I hoped that upon my daughter’s birth, I might improve and in some aspects I did. I no longer worried about my cups or cutlery contaminating me for what did it matter if I was contaminated? She was her own being now. But the problem began to manifest in different ways. Suddenly I was frightened of something unclean touching my breasts or my breast pads and contaminating my new baby. I was frightened that anything she spat on would instantly go off and poison her. I was terrified of people coughing on her/touching her hands or her face/transmitting some awful infection to her that she was too young to fight. I was forever changing cot sheets and rewashing clothes that had touched something ‘dirty’ and fretting whenever someone had the nerve to touch her hands or face. I was also worried that, one day, the health visitor would realise that, actually, I wasn’t a very good mother and would take her away from me and so I’d try to be TOP MOTHER! only to read something or hear something and then feel like TERRIBLE MOTHER! for not thinking of it myself. For example, on the day I brought my daughter home from the hospital, she had a feed and then she fell asleep against my chest. This was really lovely and cuddly and a wonderful half hour and I was pleased – here we were, skin-to-skin, bonding! Good parenting. Then I read somewhere online that babies who fall asleep on their fronts (as she was, albeit upright) had a higher chance of dying and suddenly I was petrified. What had I done? What if I’d encouraged bacteria growth in her little chest and she suddenly died on me? What sort of bloody awful parent was I? I spent the rest of that night in fits of terror, watching her breathe until my husband got up and sent me to bed under the promise that he would watch her instead.

I’m sad to say that the first few months of my daughter’s life were spent like this; me, in a state of near panic, convinced that she would get ill from the dog sniffing her/her touching something and then sucking her thumb/my choice of clothing for her/me using somewhere with parabens in it. The dressing issue was a real problem during the heatwave, where I’d spend nights wailing “she’s supposed to be sleeping in a room that’s 16C-20C and ours is 24C, she’s gonna diiiiie!” and to this day, I still only wear products that I’ve checked (and re-checked again) to ensure they’re paraben free.

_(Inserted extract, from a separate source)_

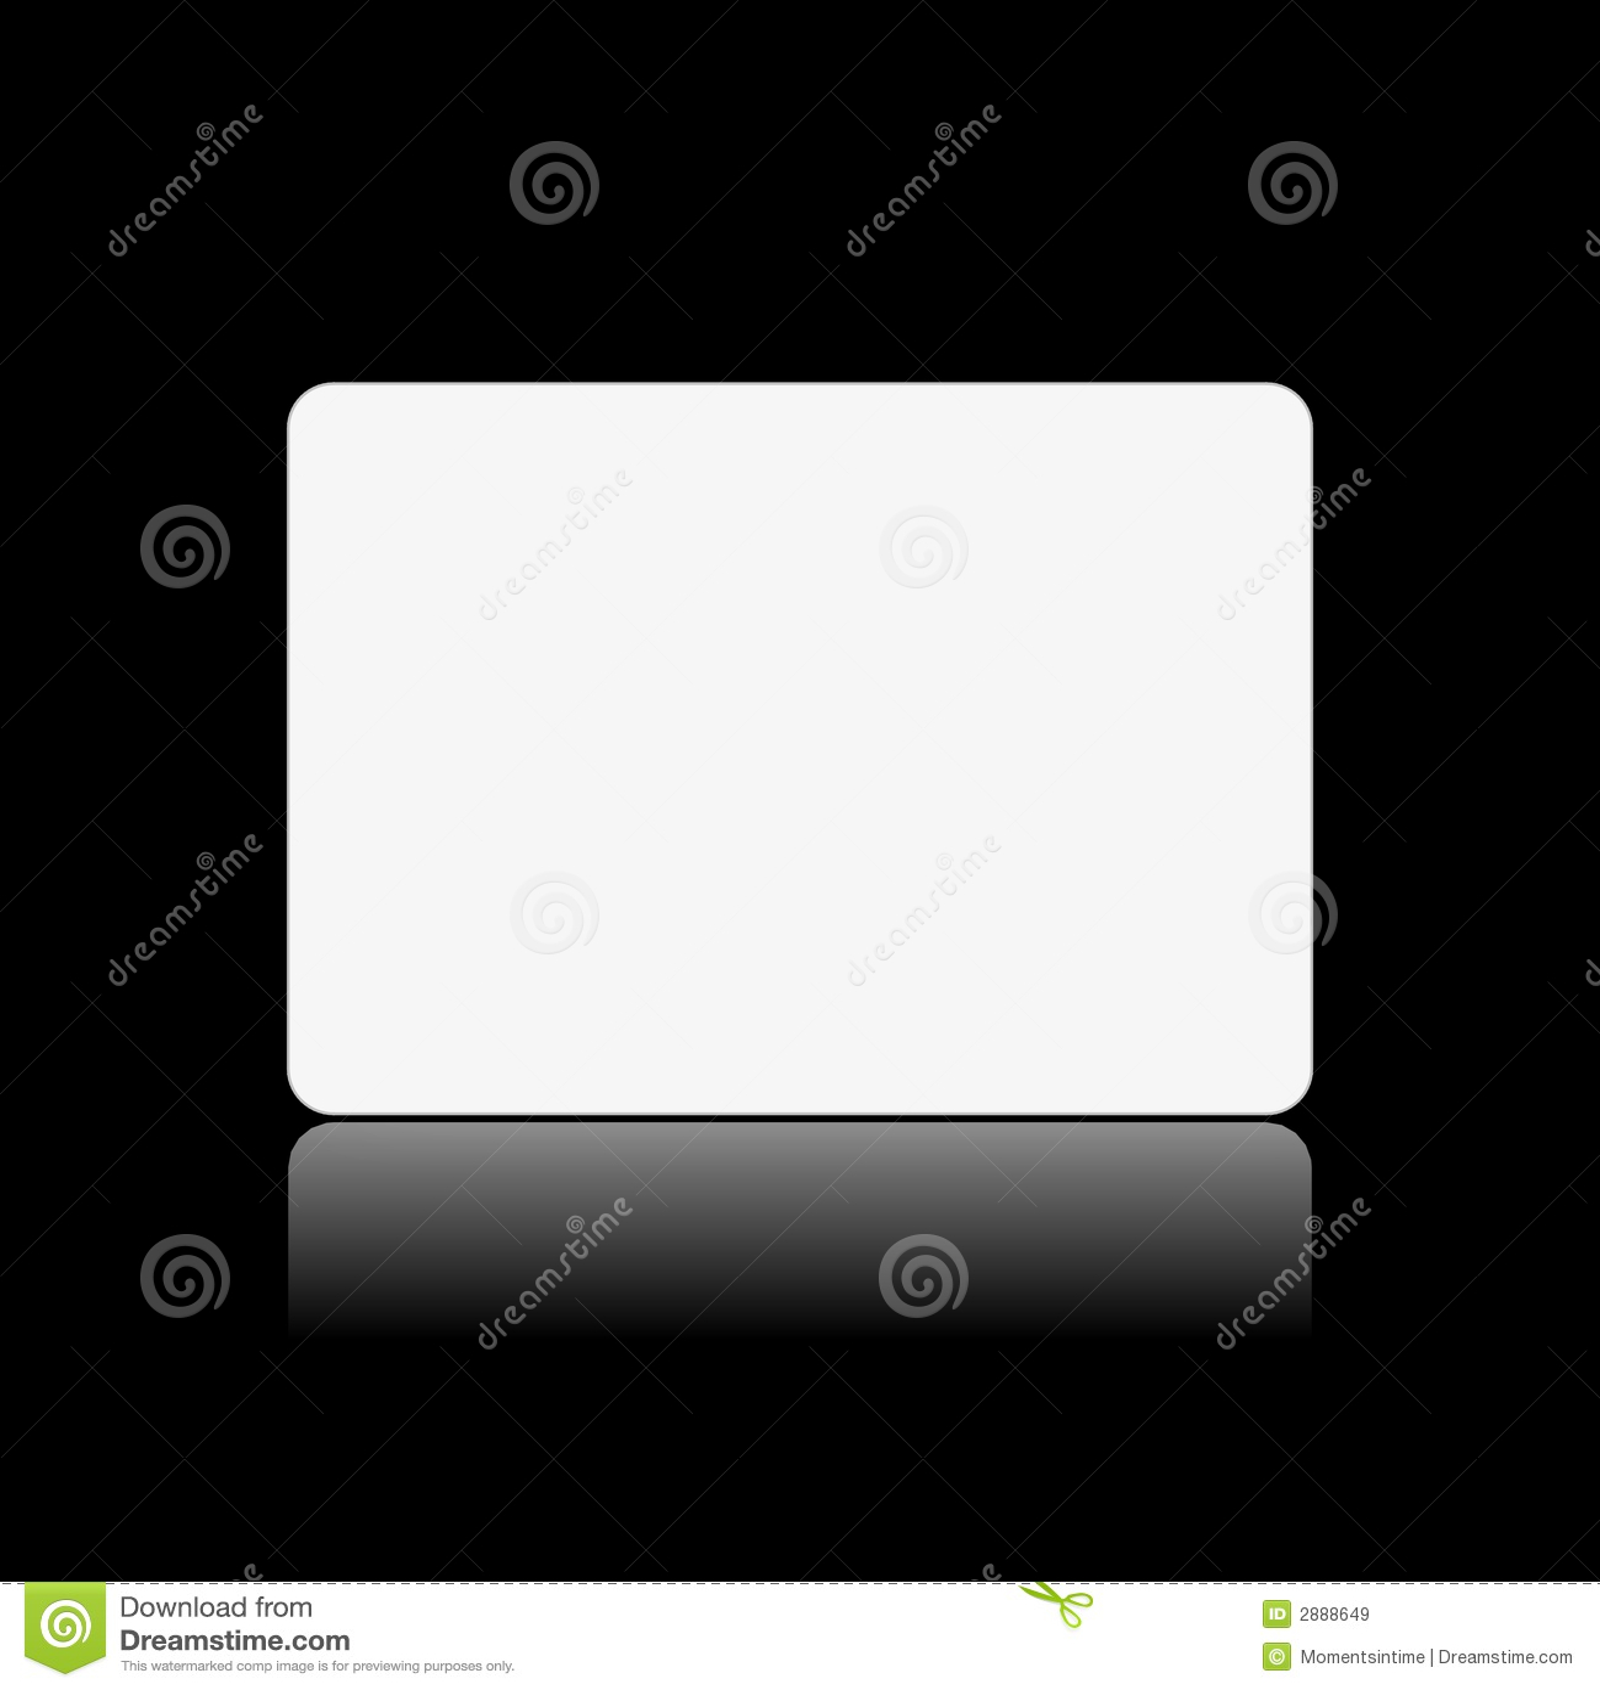 Blank white card on black

I’d like to be able to say that this story has a happy ending. That all of my months of therapy have paid off and I am now a perfectly happy, OCD-free person. And while my CBT has greatly helped, I still find myself abiding by the rules of life that OCD has set me. My hands are still drier and more cracked than the average person’s. I still wetwipe all toys/buggy handles/high chair trays more regularly than I should and I certainly do more laundry than I need to. But when I remember the summer, those days where I couldn’t even make a sandwich, I know I have come very far indeed. There are days when I still live in fear that something will happen to her but there are other days when I’m pushed to tell whether or not my fears are OCD or just general parenting worries. But I wanted to share my experience just in case there is anybody else out there who can relate or, like me, worries that they are “going mad” when in fact they’re not. I wish I had gotten help earlier, a lot earlier, so perhaps I could have enjoyed my pregnancy and if/when I get pregnant again, I will be on the phone for CBT as soon as if I feel I’m going backwards. And I hope that, one day, perinatal/postnatal OCD will be better known and women like me will be able to get help a lot faster and won’t have to spend months of their pregnancy living with fear.